What Is A Preliminary Title Report?
Is a summary report of the title search. It shows the ownership of a specific parcel of land, together with the liens and encumbrances thereon which will not be covered under a subsequent title insurance policy.The preliminary title report is reviewed before issuing title insurance on the property.
What Is A Title Search?
To verify the seller’s right to transfer ownership,discover any claims,liens,errors,assessments, debts or other restrictions on the property.
What Is An Appraisal?
An appraisal is an estimated value of a home at the current real estate market conditions.
Is An Appraisal Required?
Yes,if you are getting financing.The lender will send out an appraiser to value the home and make sure it compares fair to the purchase price of the home.If you are a cash buyer,then no appraisal is required,but can still be done.
What Happens When A Home Doesn’t Appraise?
If a home doesn’t appraise at market value,then a few things could happen.The buyer can pay the difference and proceed with the purchase,the seller can can bring the list price of home down to the appraised value and then proceed or the buyer and seller can renegotiate the price and come to other terms like split the difference then proceed.If none of these things happen,then the buyer can cancel the contract and get their earnest money deposit back.
What Types Of Financing Are There?
There are several types of financing and hundreds of loan programs.The main types of financing is Conventional loans,FHA loans,VA loans and Jumbo loans.They all fluctuate with different interest rates and down payment requirements.
What Is APR?
APR is Annual Percentage Rate.

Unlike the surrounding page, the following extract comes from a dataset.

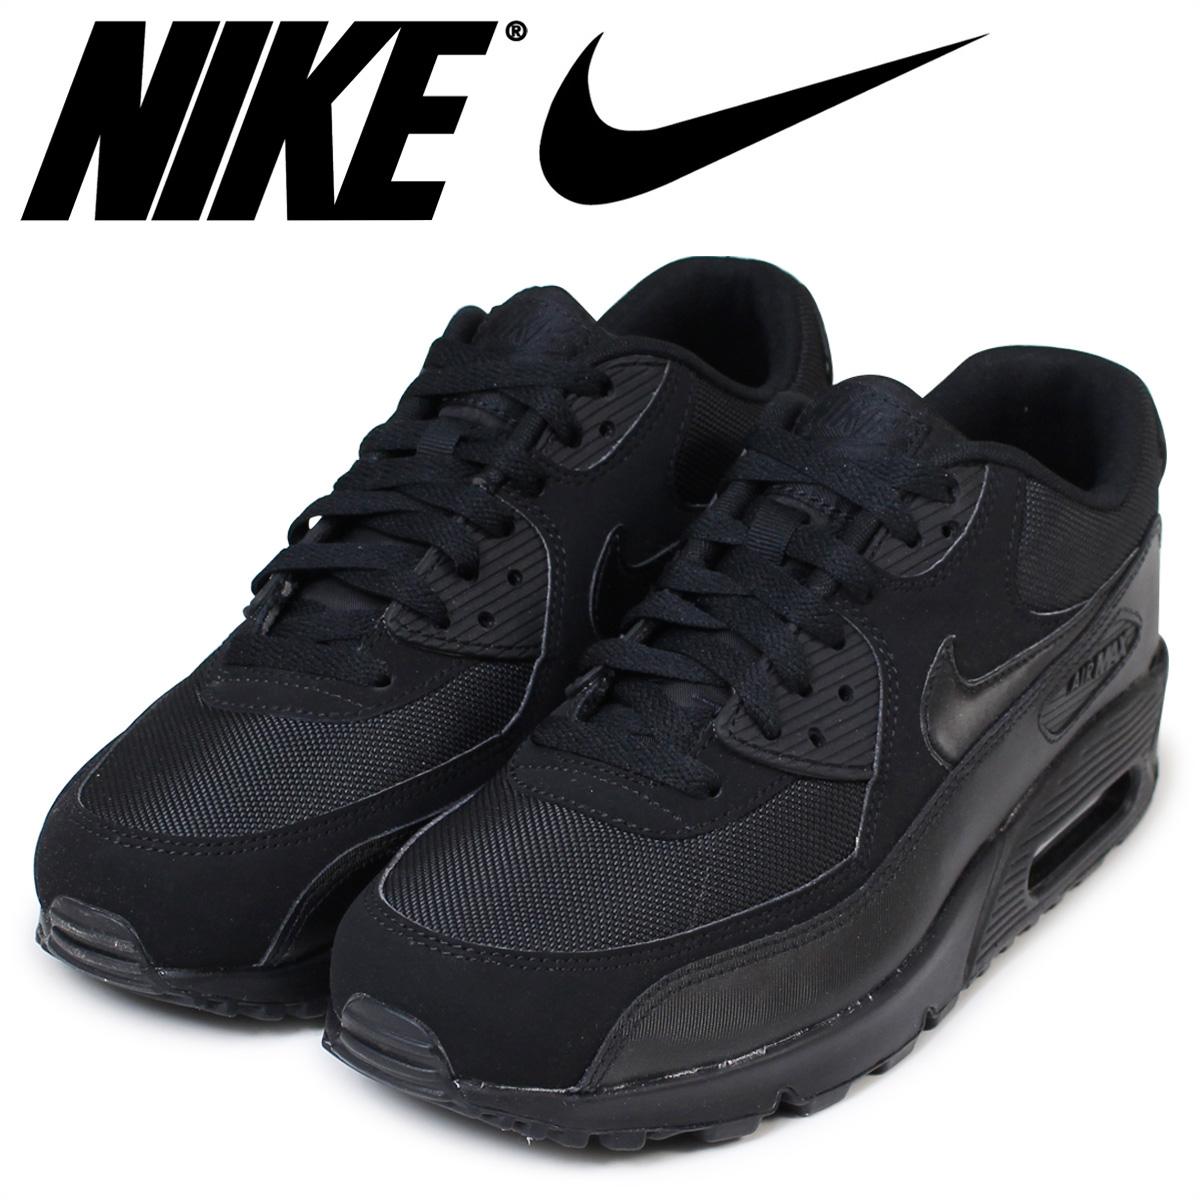 Nike Air Max Essential 90 Schwarz

This is very important to you when you are financing the purchase of your home.Everyone is concerned about the interest rate,but the APR is the overall annual rate that is charged from your impound account.If you have an escrow account,which in Nevada you will,it combines everything including taxes,insurance,principal and interest.Any reoccurring charges will be in this account.Remember,you can request to pay your property taxes and insurance separately and not through an escrow account.Depends on your lender.
What Is PMI?
PMI is Private Mortgage Insurance. It protects the lenders equity investment of the home.It is required if you do not put 20% down payment on the purchase of your home.PMI is charged as a monthly premium on your loan until the twenty percent has been reached.It will automatically drop off of your loan when it has been reached.If you want to pay it off faster,then add extra payments to your principal balance,not towards the interest.There is no upfront mortgage premium required.
What Is MIP?
MIP is Mortgage Insurance Premium. This is when you get FHA financing and put less than 20% down payment on the purchase of your home.There is an upfront charge and the MIP is for the life of the loan.This Government administered program charges MIP to offset the risk of a borrower defaulting because FHA offers low down payment programs.
What Is A VA Funding Fee?
Since the VA offers no down payment programs,they charge a funding fee in which reduces the loans cost to taxpayers.The funding fee is a percentage of the loan amount which varies based on the type of loan and your military category.Funding fee exemption would be a veteran receiving VA compensation for a service-connected disability.